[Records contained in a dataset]
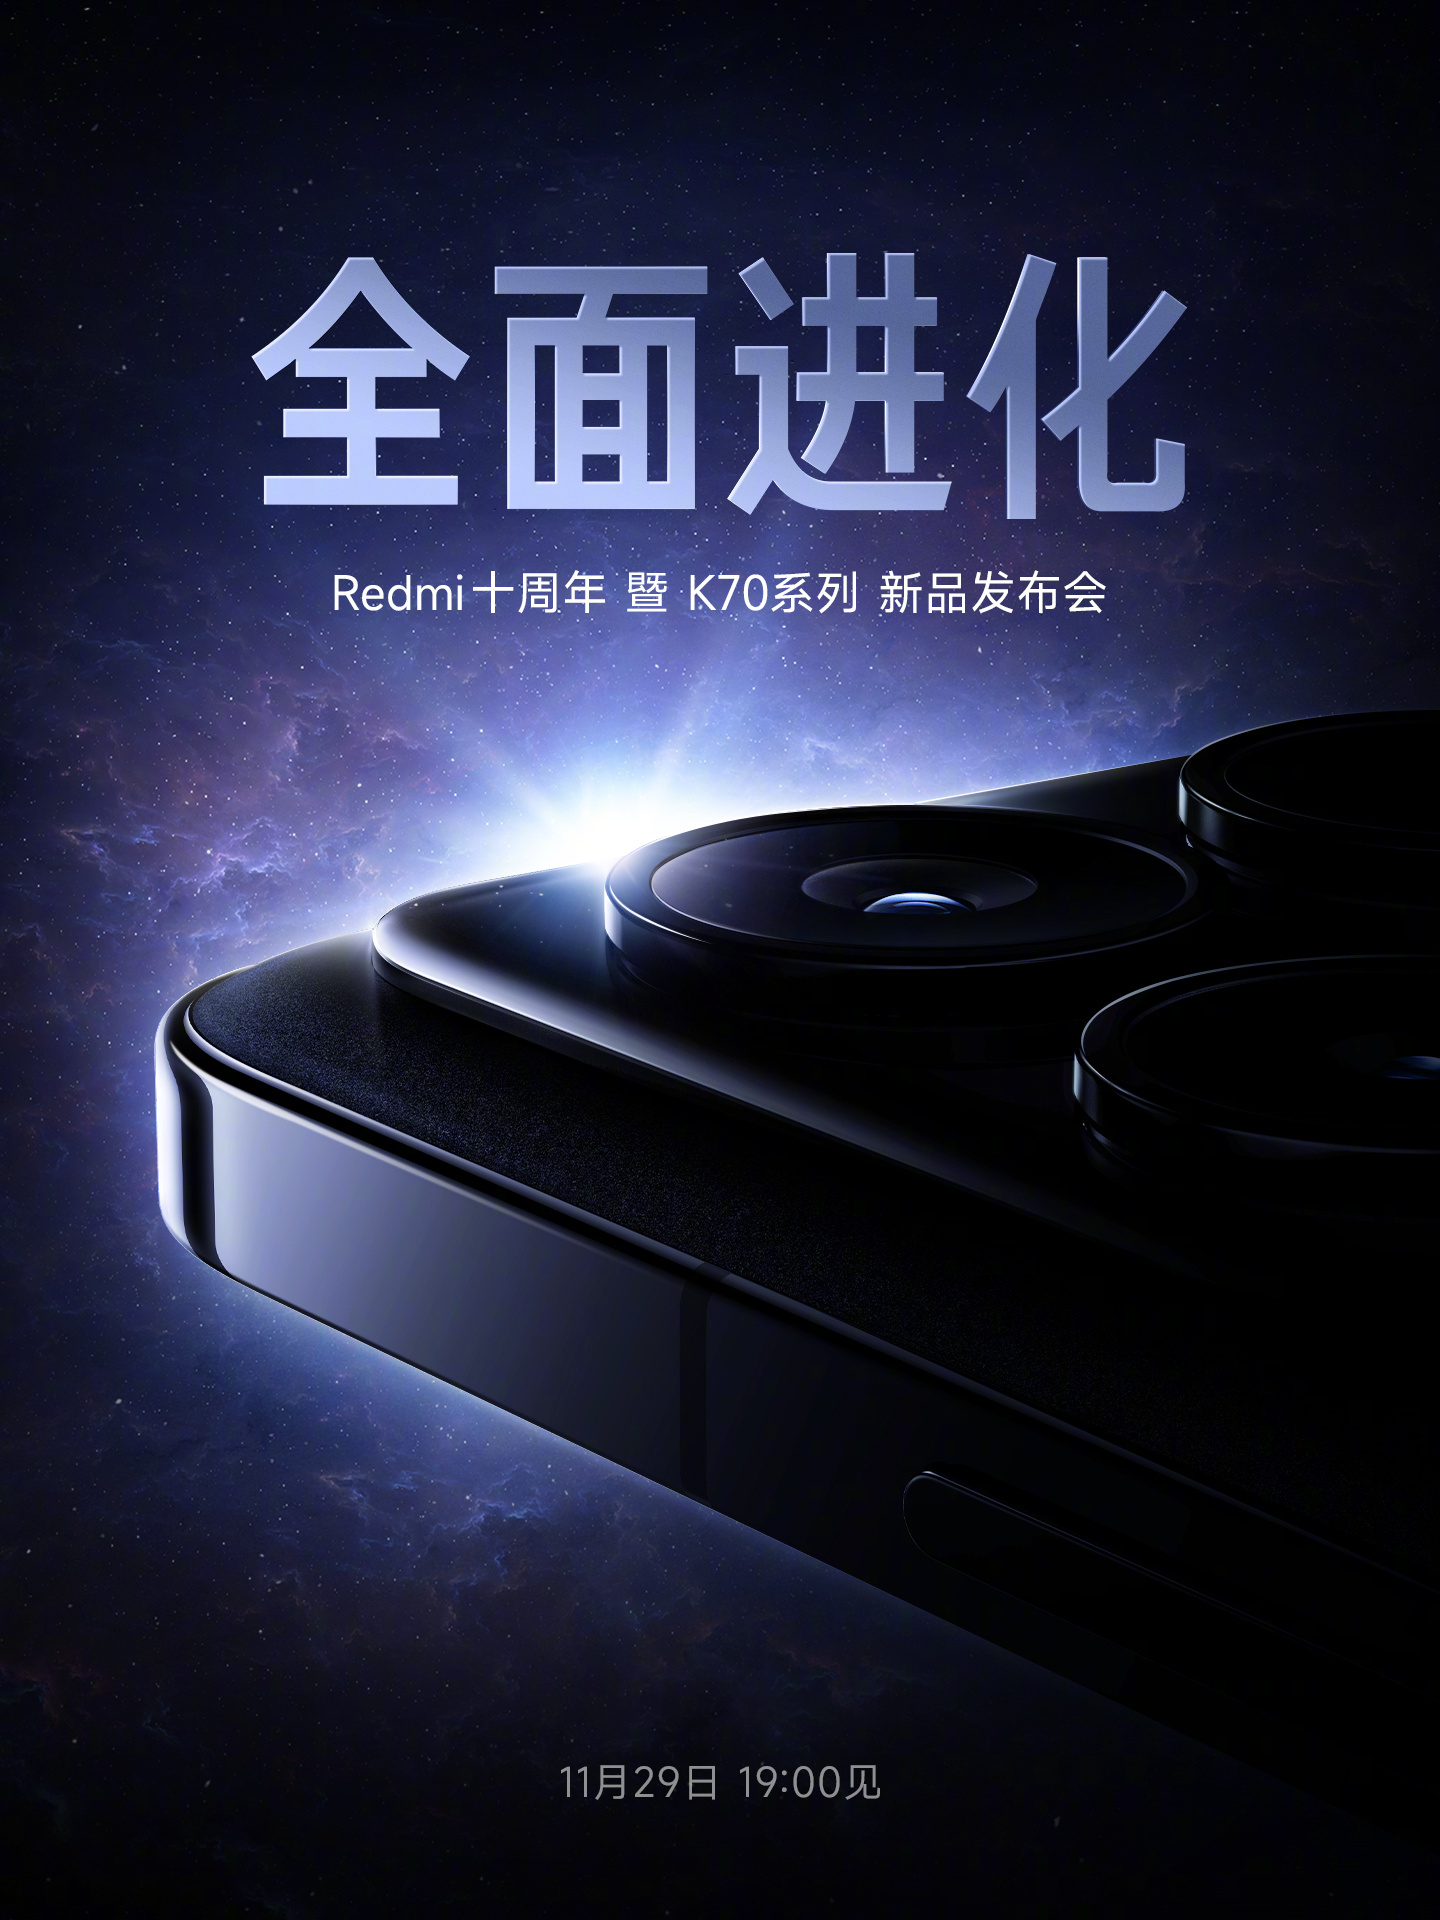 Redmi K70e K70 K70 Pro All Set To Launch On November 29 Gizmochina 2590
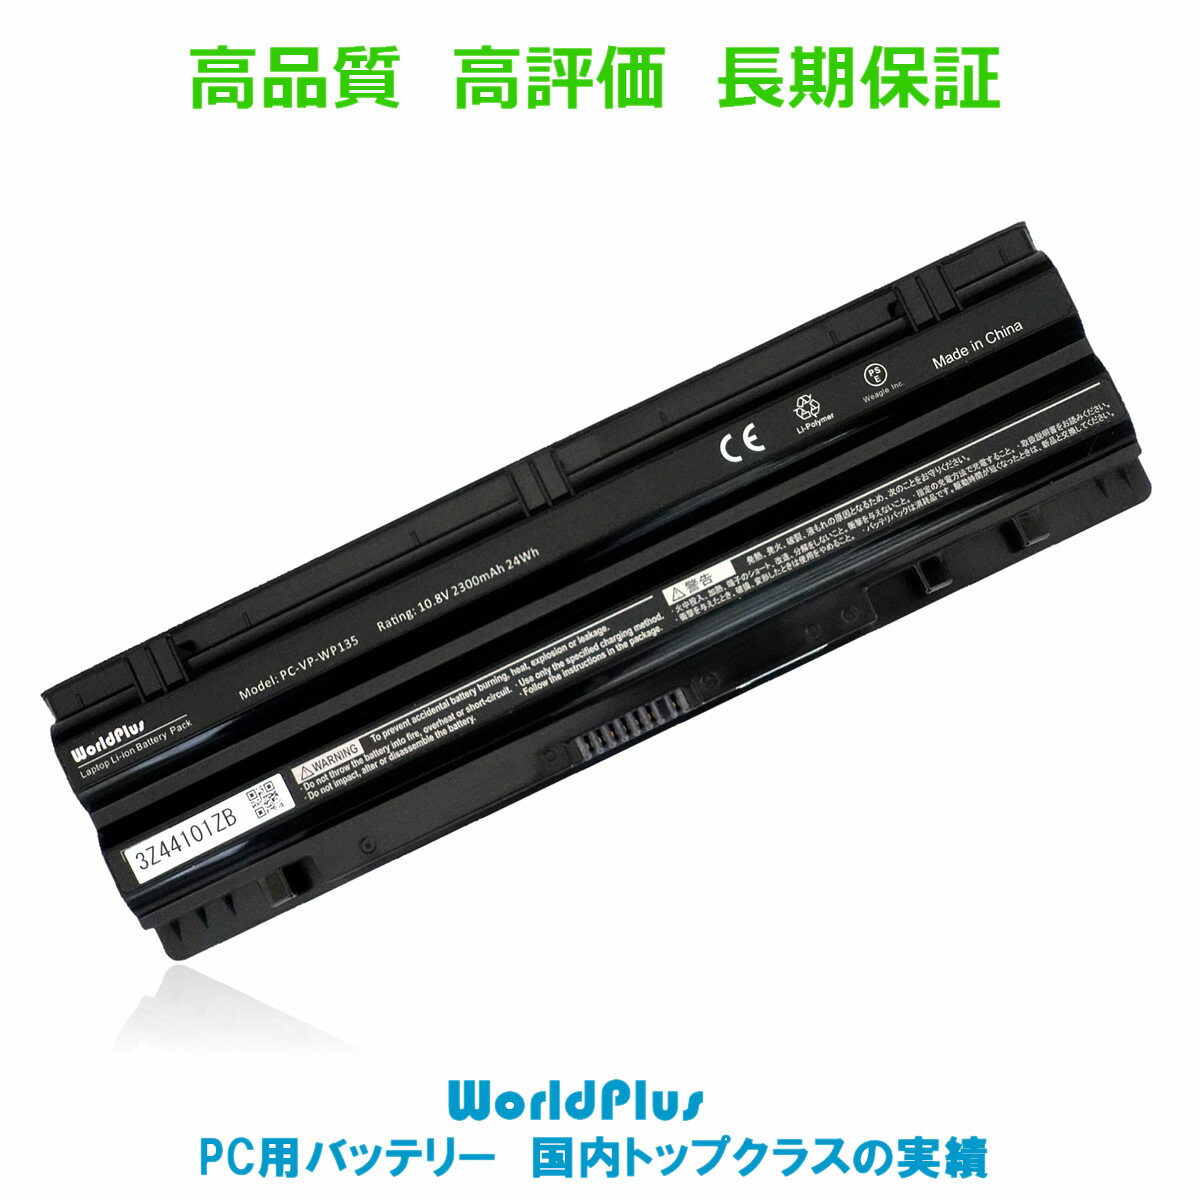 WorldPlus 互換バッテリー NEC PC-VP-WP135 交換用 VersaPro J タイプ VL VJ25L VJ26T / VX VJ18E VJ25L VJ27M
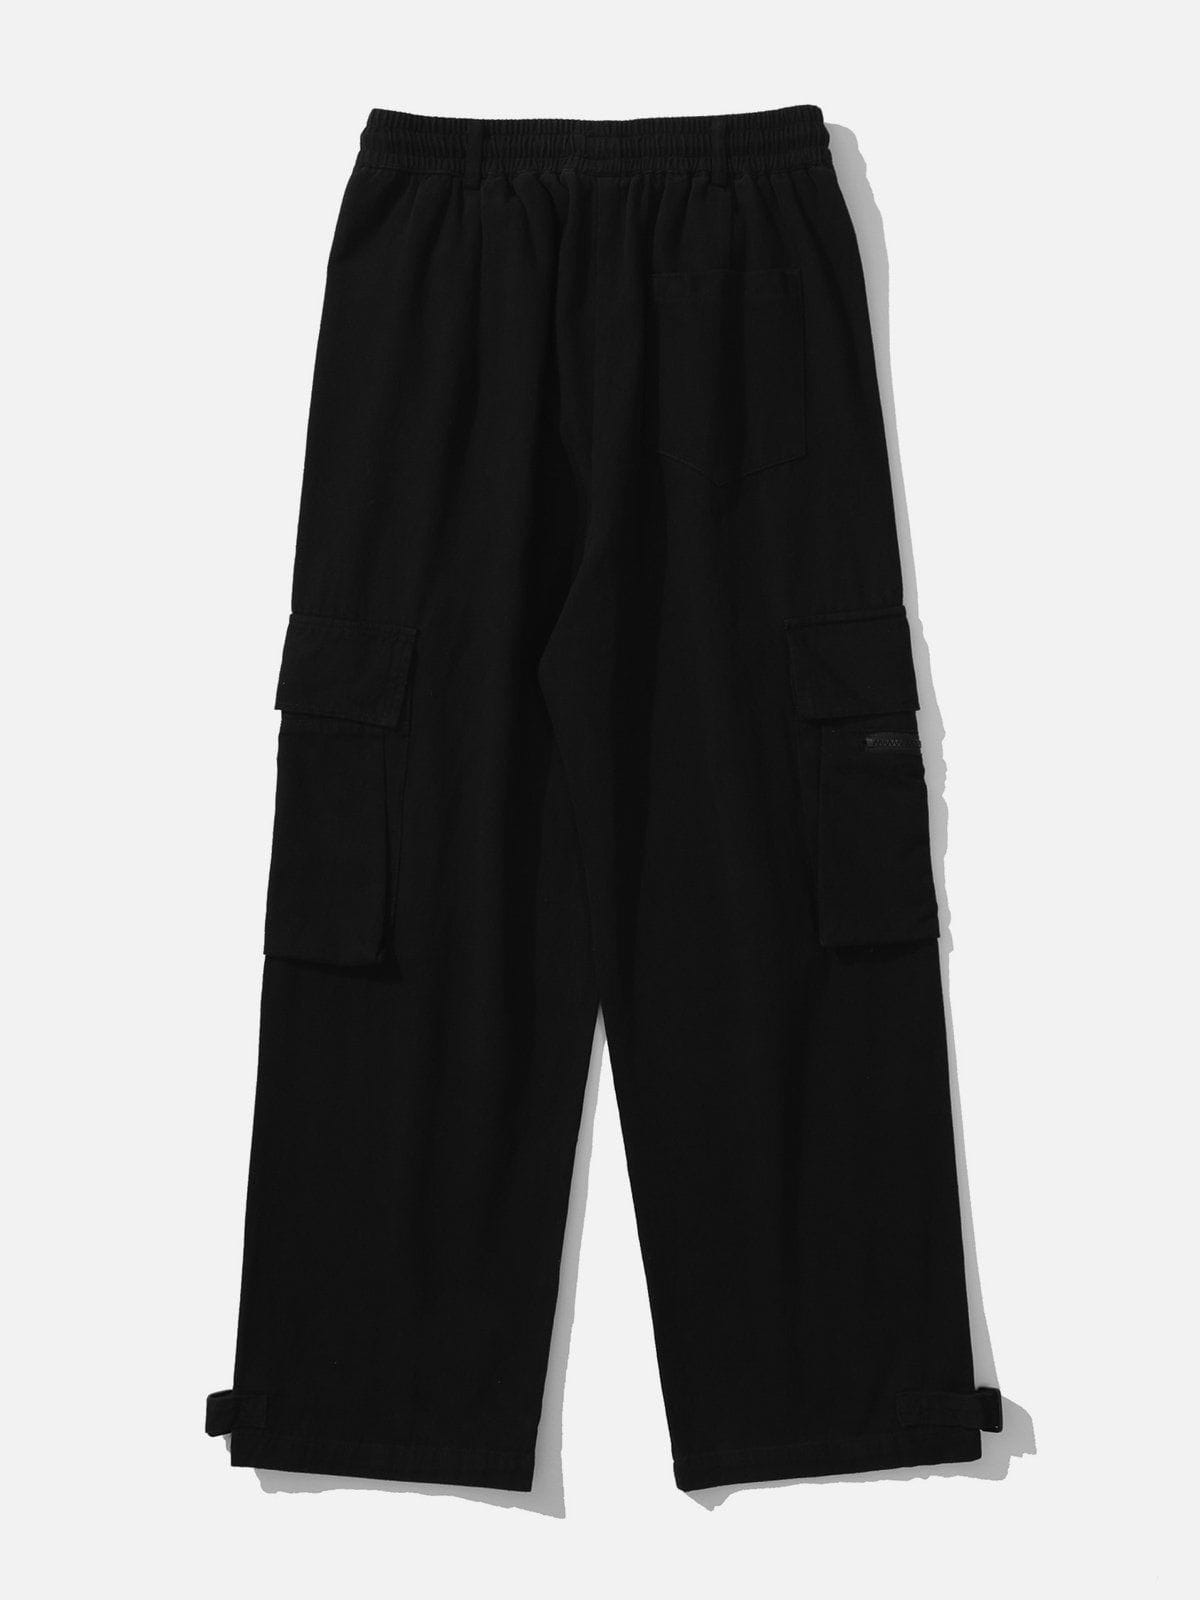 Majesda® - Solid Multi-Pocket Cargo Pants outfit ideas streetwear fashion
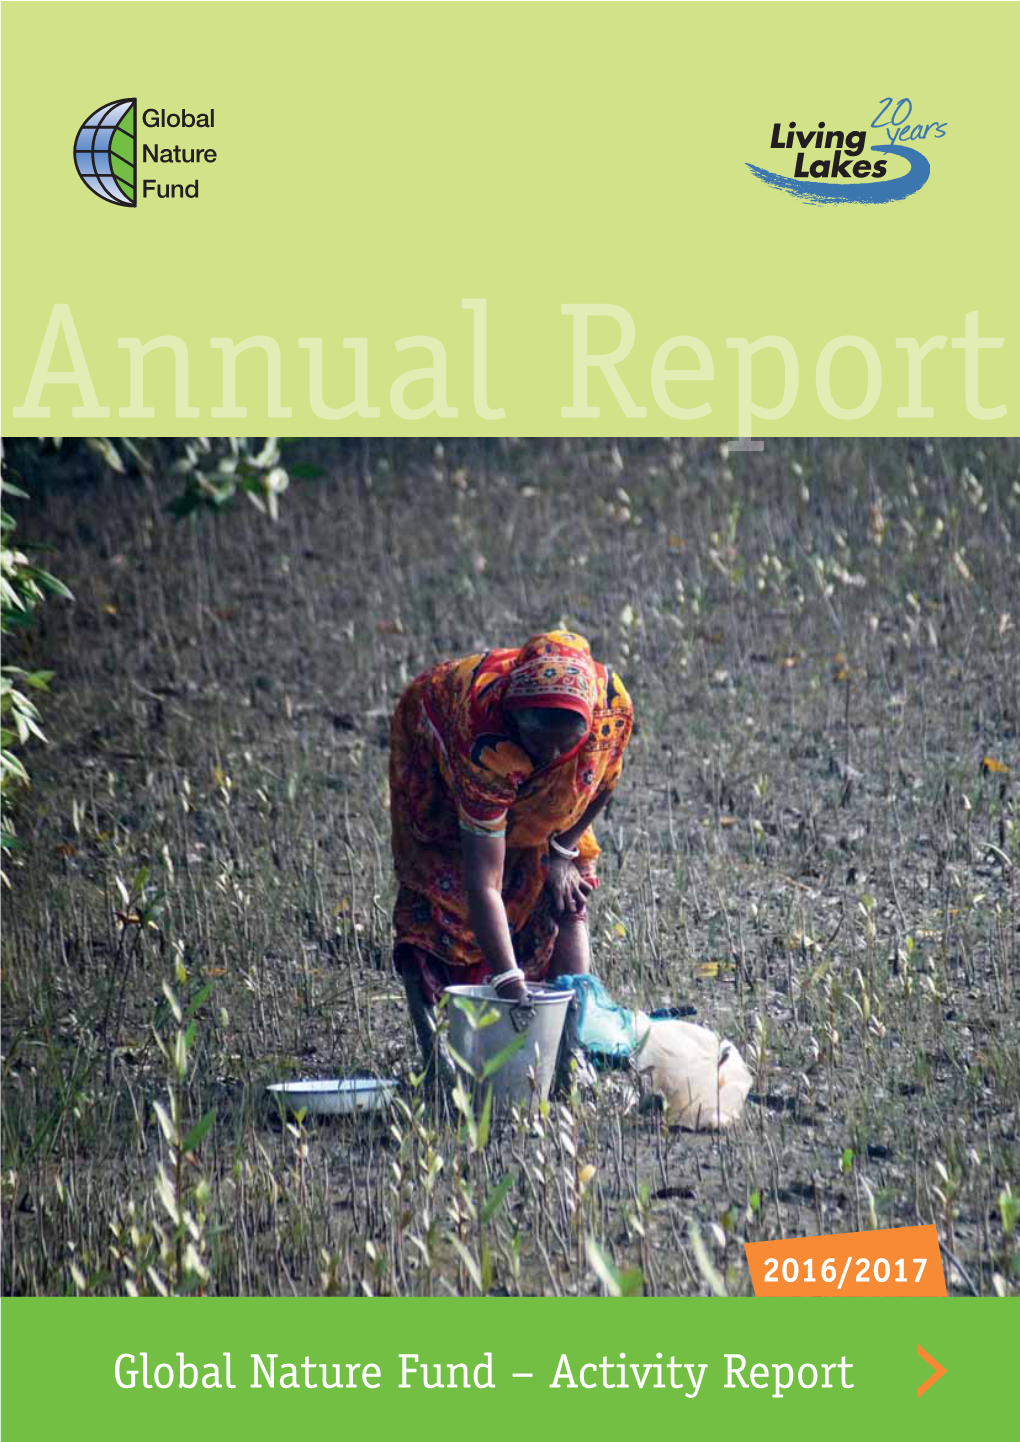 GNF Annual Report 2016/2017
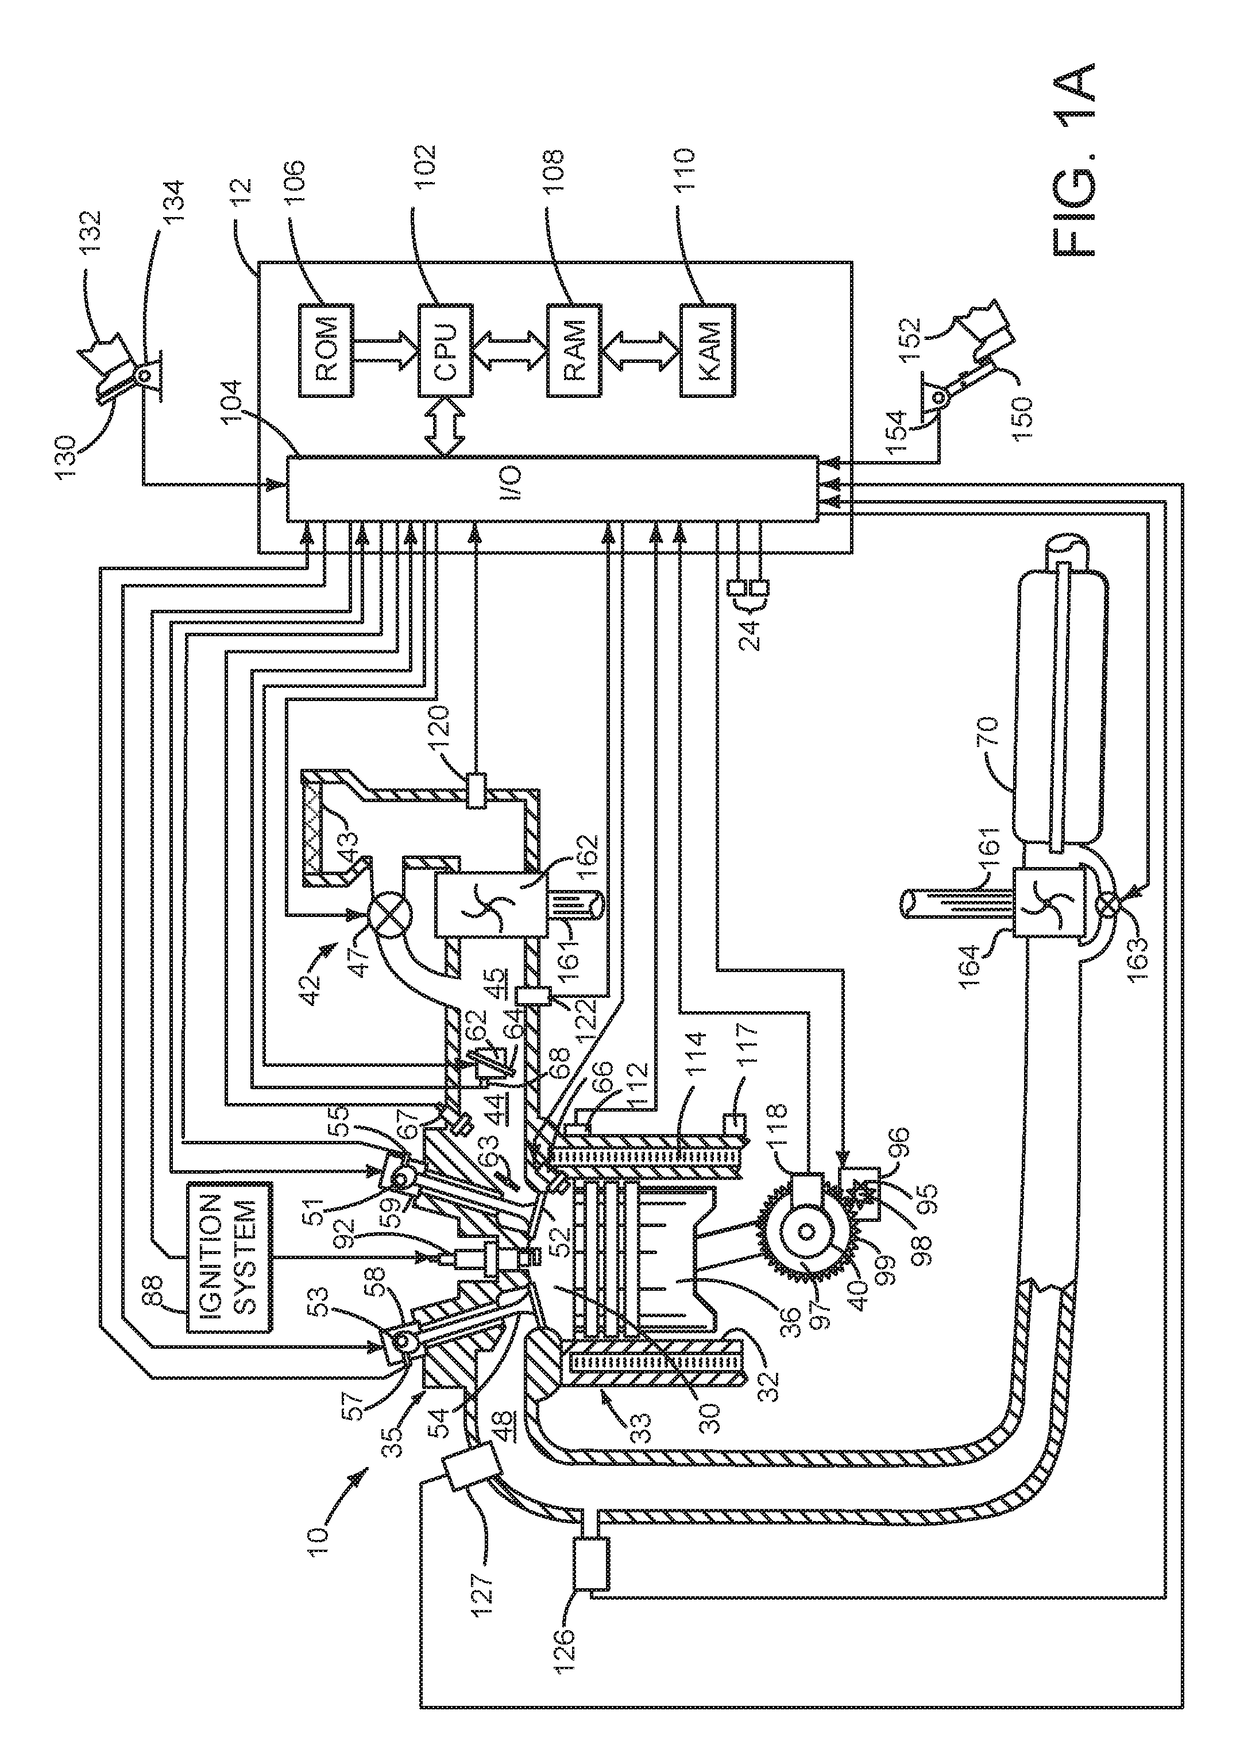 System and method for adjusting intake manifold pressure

▶ _EXERCISE DESCRIPTION_
The result should hold only the lines from the line with "Majesda® - Solid" through the final line of the records above, copied exactly, with pictures left out.

▶ _WRITTEN RESPONSE_
 Majesda® - Solid Multi-Pocket Cargo Pants outfit ideas streetwear fashion
 GNF Annual Report 2016/2017
 System and method for adjusting intake manifold pressure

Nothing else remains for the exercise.